Get Data From Wide Range of Sources
With Power Query you can connect to wide range of data sources. SQL Server or DB2 or Oracle…. All of these database are supported as a source. You can even connect to an Analysis Services instance and fetch data from it. You can connect to file data structures such as text files, XML, CSV, and Excel. You can even read list of files in a folder! You can connect to a range of applications such as Facebook, Salesforce, CRM Online and etc and get data from them. You can get data from Azure services such as Azure SQL database, Azure HD Insight, Azure Blob storage and etc. There are many data sources supported for Power Query (and obviously for Power BI), also more data sources will be available in every update of Power Query or Power BI.

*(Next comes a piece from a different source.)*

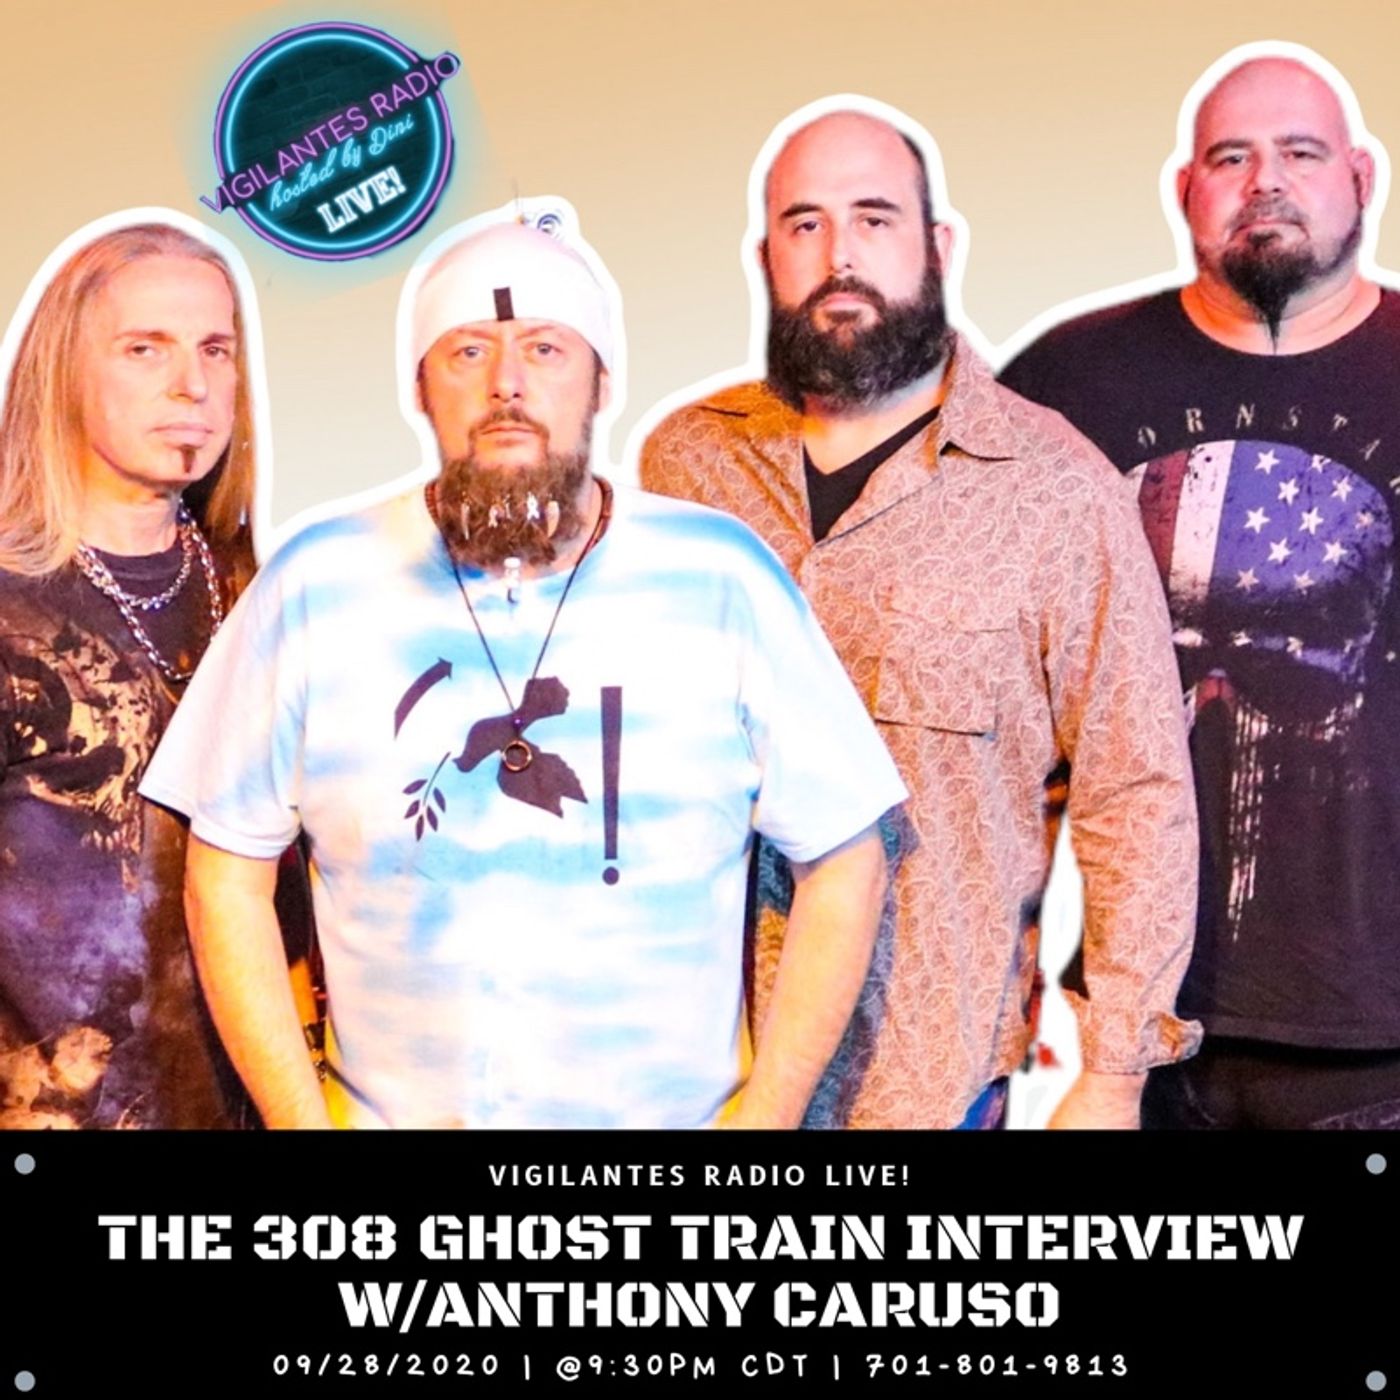 The 308 Ghost Train Interview w/Anthony Caruso. Image

Here is an example set of data sources supported in Power Query:
File Data Sources
Apply Transformation In a Development Editor
Power Query look at the data values with data types such as : Table, Record, List, DateTime, Text, Number, Boolean and etc. There are many data transformation functions for any of these data types. You can apply Merge (similar to join) or Append (similar to UNION) to two tables. You can apply text functions such as getting part of a string, trimming it or length of string. You can apply mathematical functions. You can apply datetime functions such as functions for year, Month, day and week. There are two way to apply these transformations;
- From Query Editor: Graphical User Interface
- From M query language: scripting language
Query Editor will give you a great experience of most common transformations through very easy user interface. you can apply most of transformation with matter of few clicks. The Query Editor in Power BI Desktop or Power Query Add-In for Excel has many common transformations listed. You can see some of them in below screenshots:
M is the formula language behind the scenes of Power Query. Everything you do in the Query Editor will be translated to an M script. M contains full list of functions that you can use. So the powerful side of Power Query is actually M. I will go deep into details of M in this book, because you would need it for solving complex challenges. M is a functional language and it has a simple structure. screenshot below shows an M Code. The details of information about M scripting will be covered in next sections.
Power Query online
Power Query is accessible in desktop tools such as Microsoft Excel and Power BI Desktop. It is also available on online services such as Power BI and Power Platform dataflows and Azure Data Factory. Running the Power Query online is a great way to use Power Query as an ETL service.
In summary in this section you’ve learned about What is Power Query and what are components of it, you’ve learned features of Power Query, and now you are probably thinking about usage of it in scenarios and challenges that you might have right now! Good start, in next sections I will go through experience of getting data with Power Query and Power BI Desktop.